= EXCERPTED DATA =
-*-*-
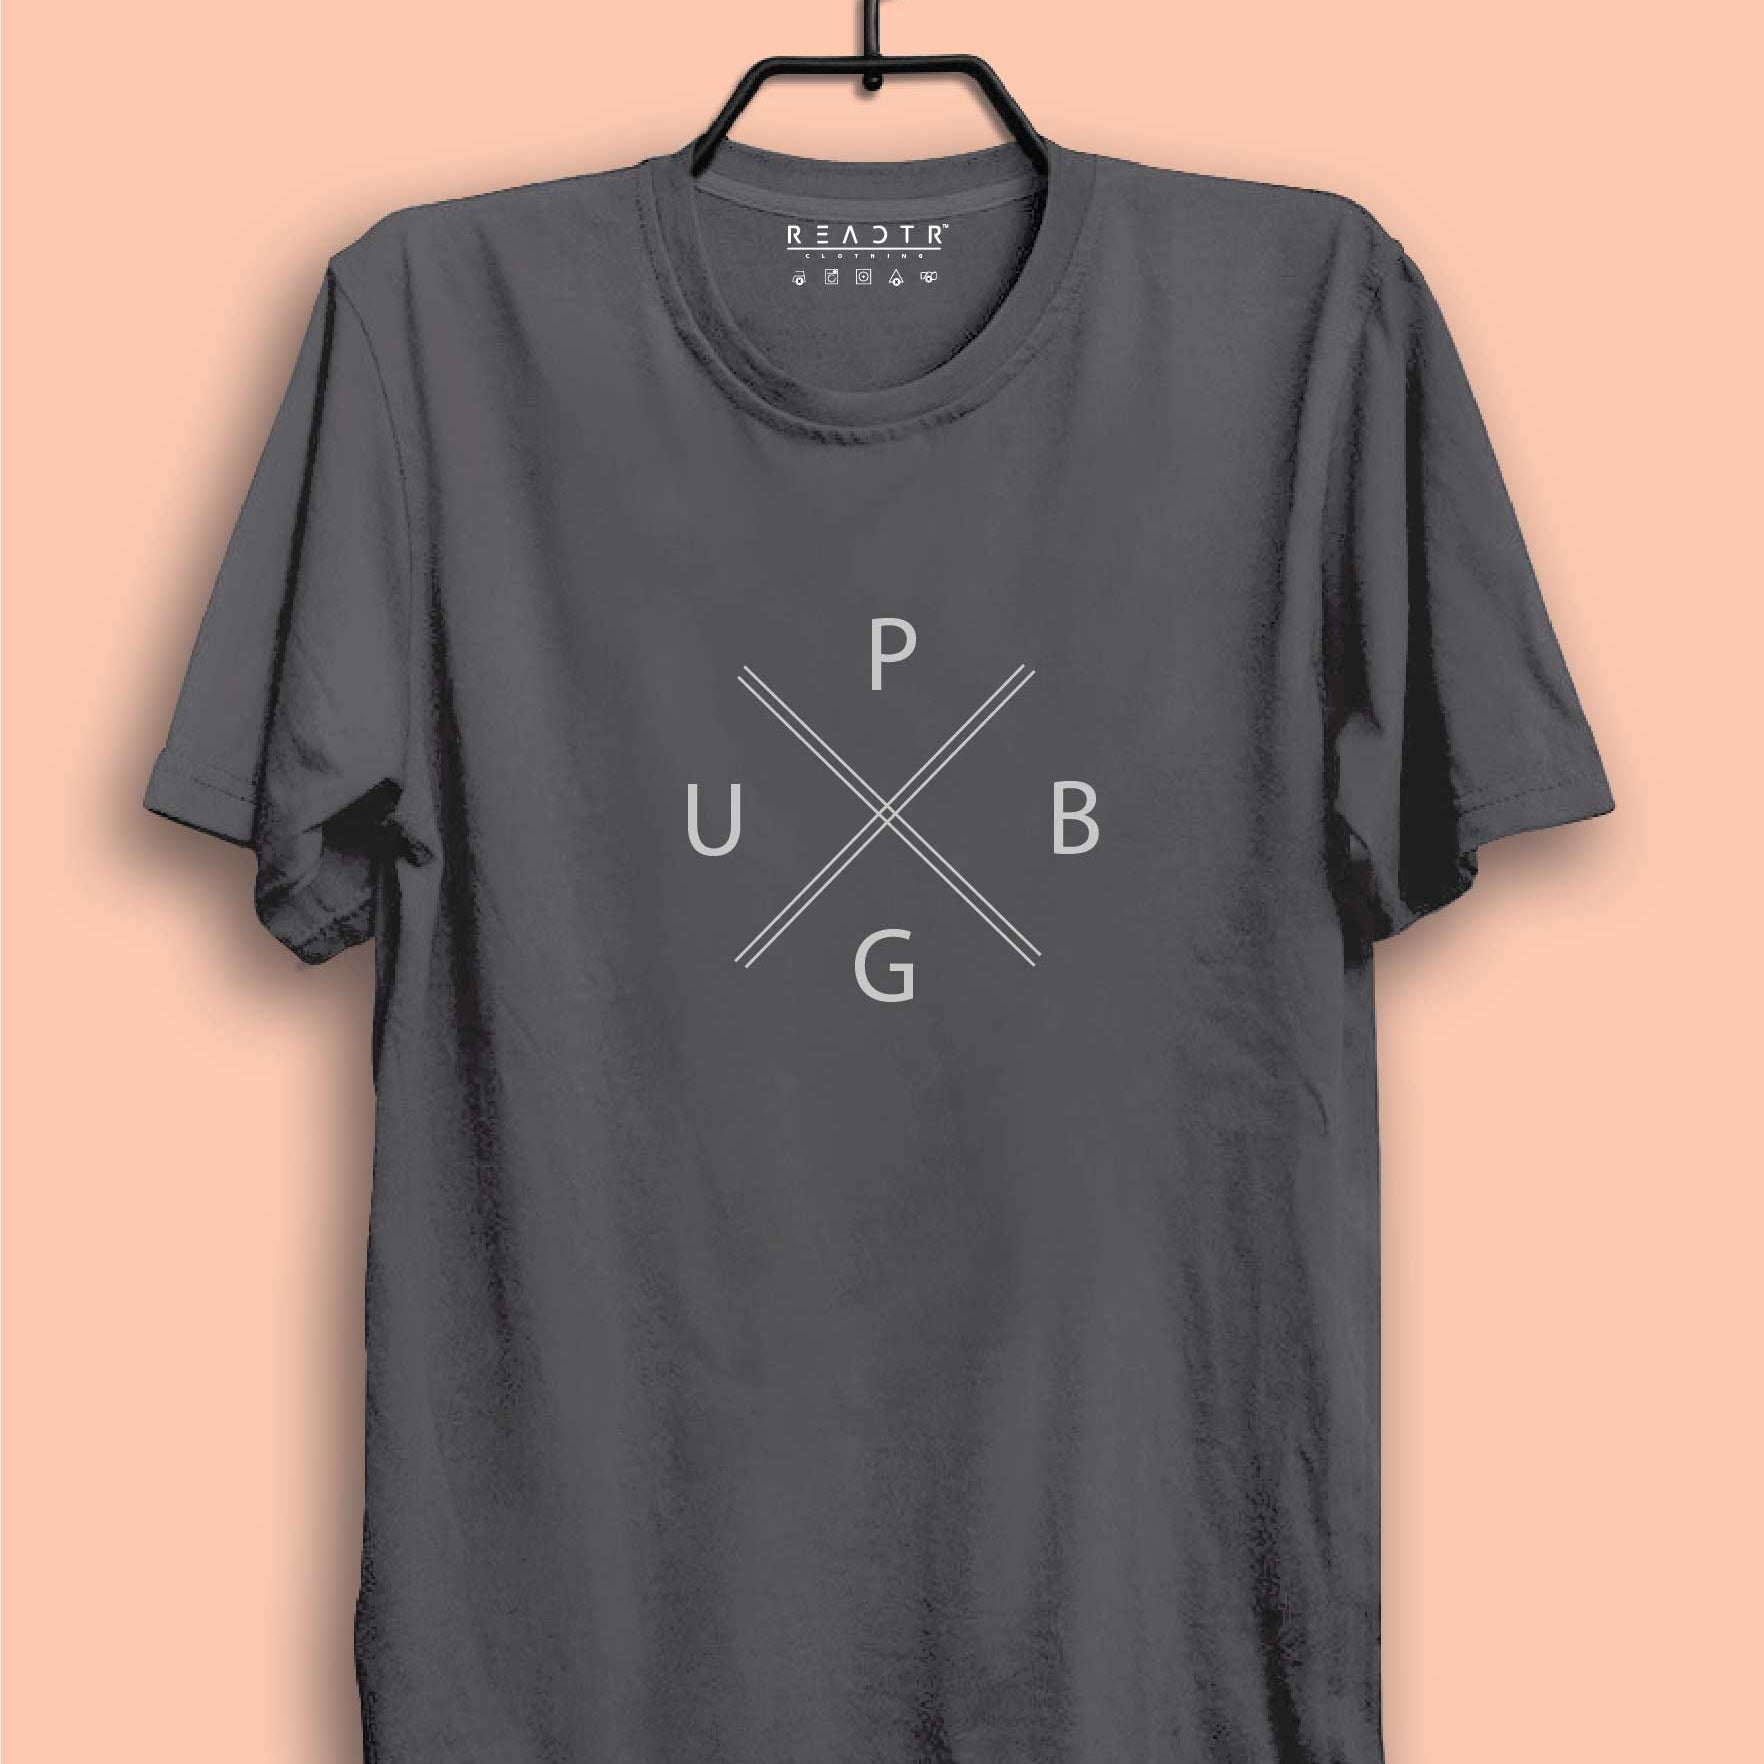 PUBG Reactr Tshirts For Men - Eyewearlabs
-*-*-
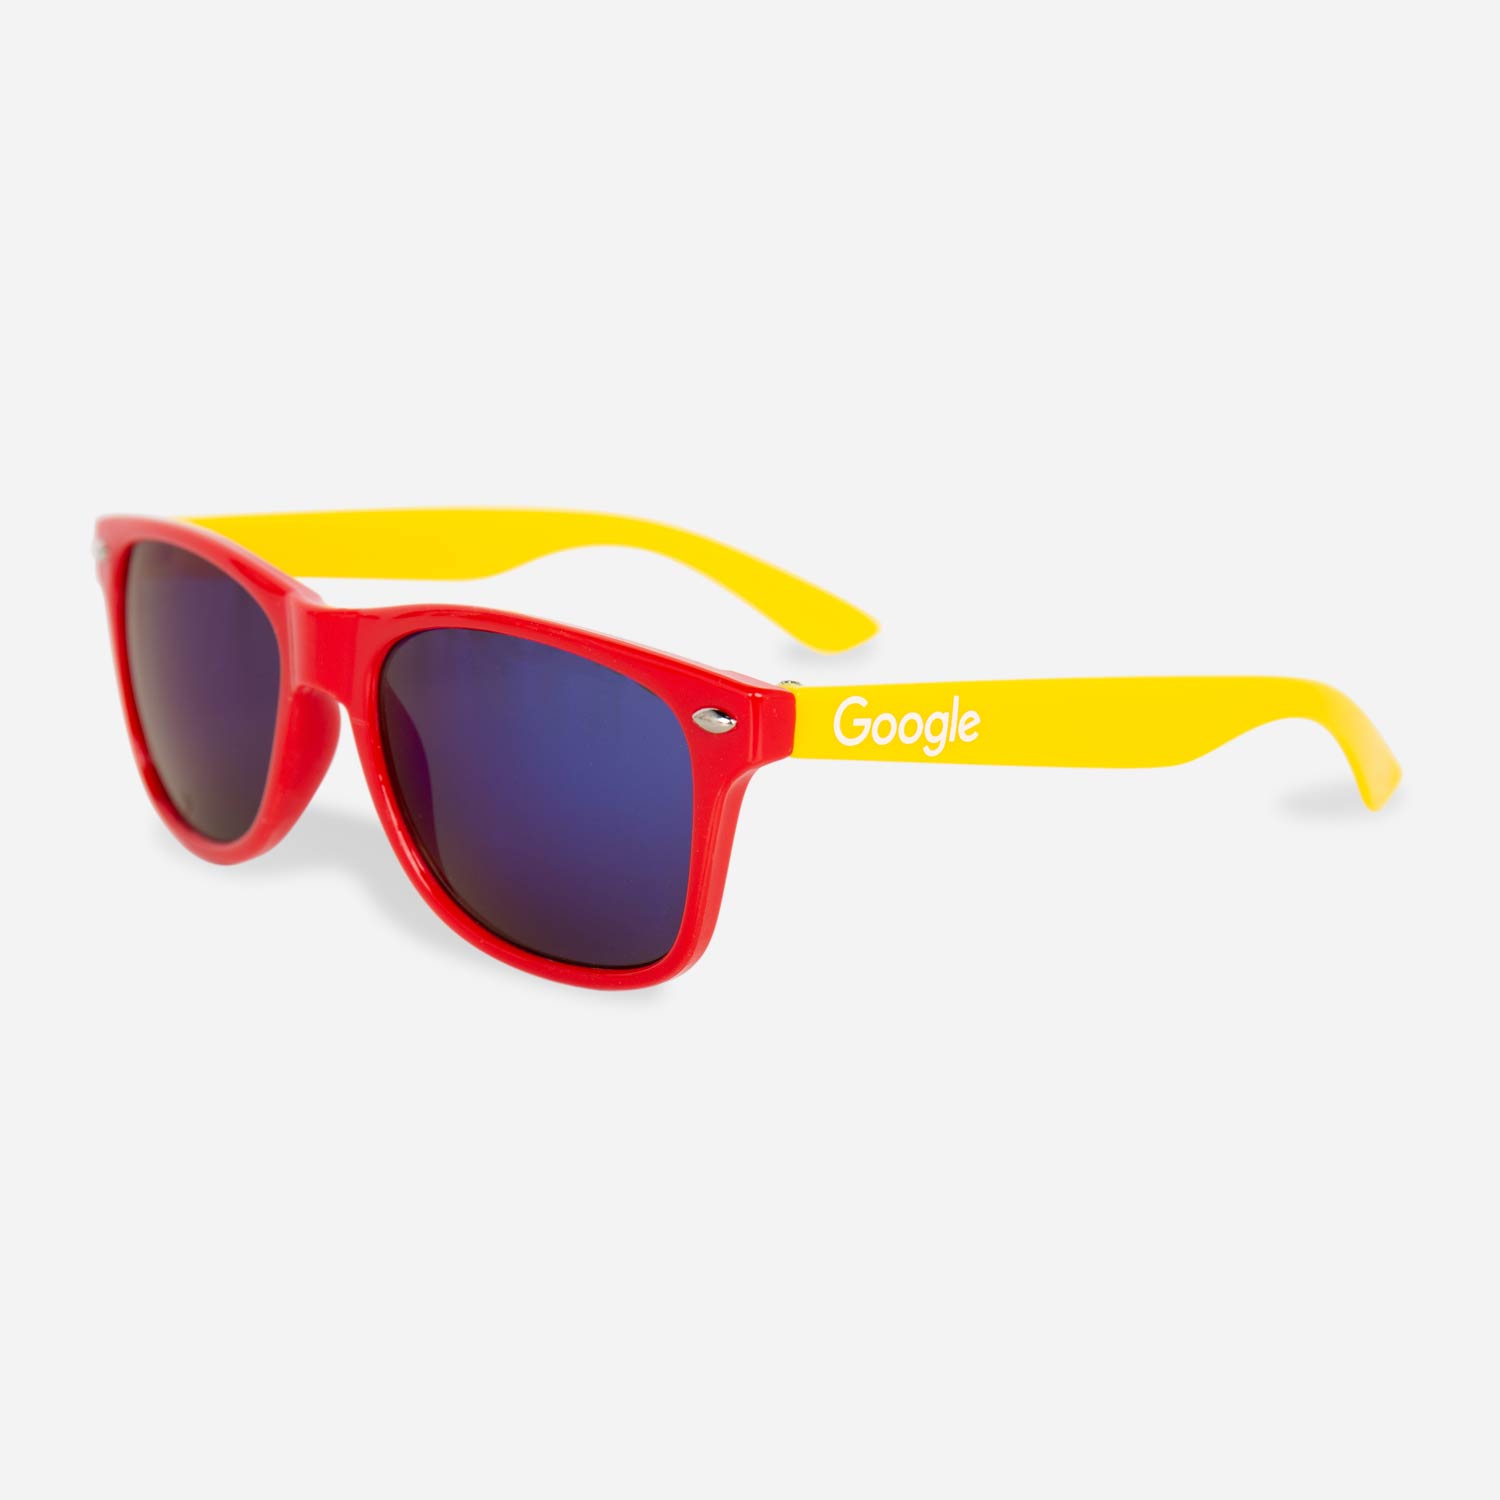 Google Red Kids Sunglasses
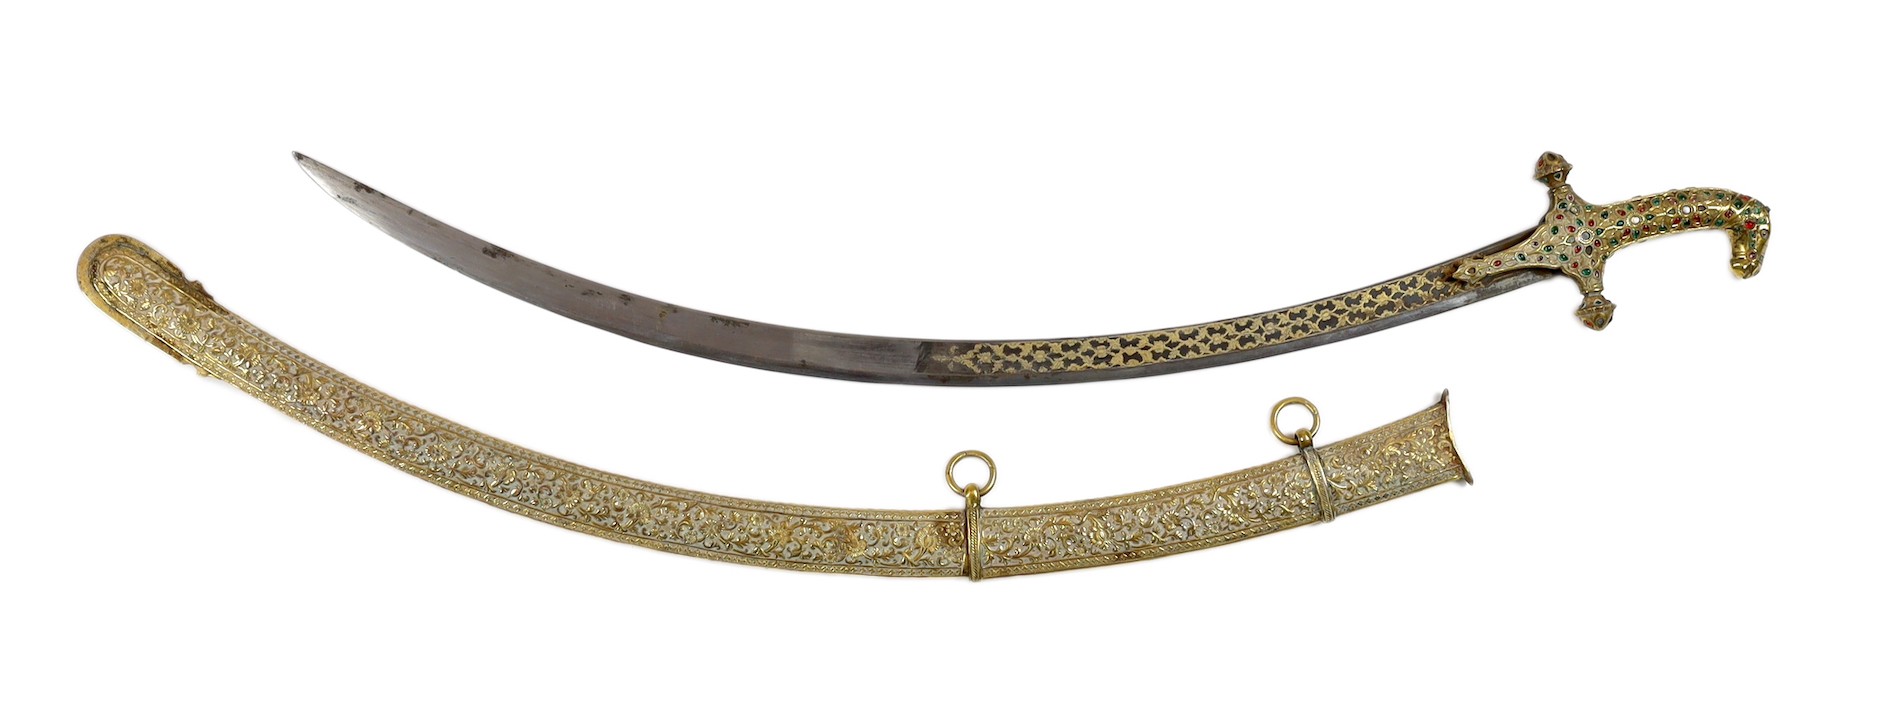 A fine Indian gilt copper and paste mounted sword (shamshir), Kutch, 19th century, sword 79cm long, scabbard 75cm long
-*-*-
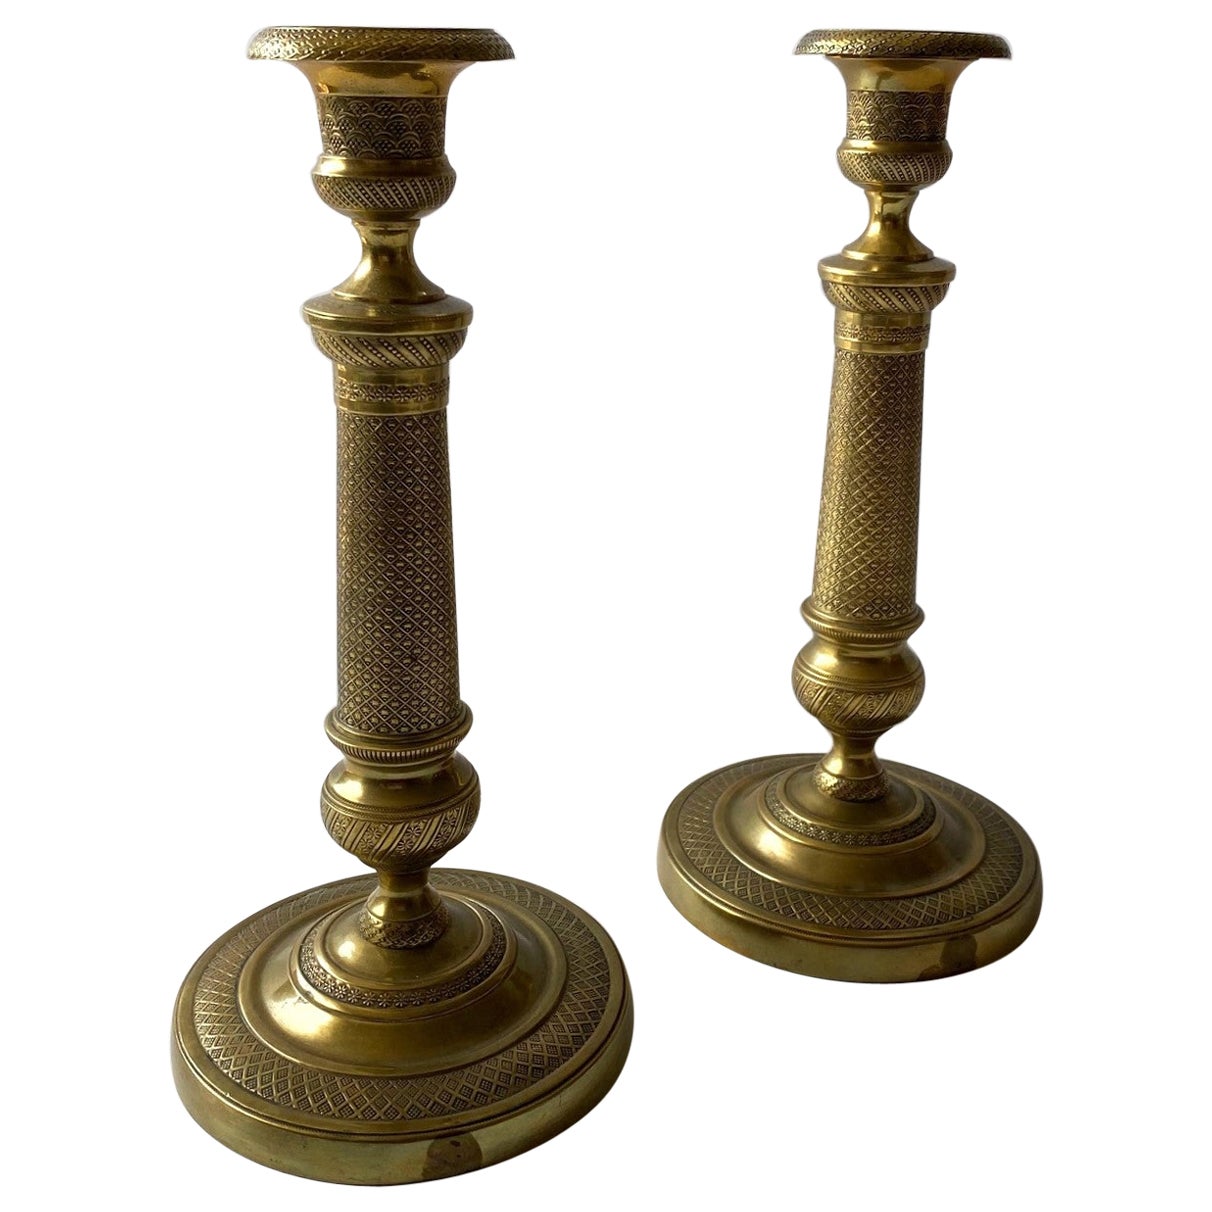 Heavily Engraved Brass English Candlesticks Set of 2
-*-*-
= WORK INSTRUCTIONS =
Exact copy, no pictures. Write out the lines in the entries above, starting with the line with "Google Red Kids Sunglasses" and going on through the line with "A fine Indian", keeping both.

= RESULT OF THE TASK =
 Google Red Kids Sunglasses
 A fine Indian gilt copper and paste mounted sword (shamshir), Kutch, 19th century, sword 79cm long, scabbard 75cm long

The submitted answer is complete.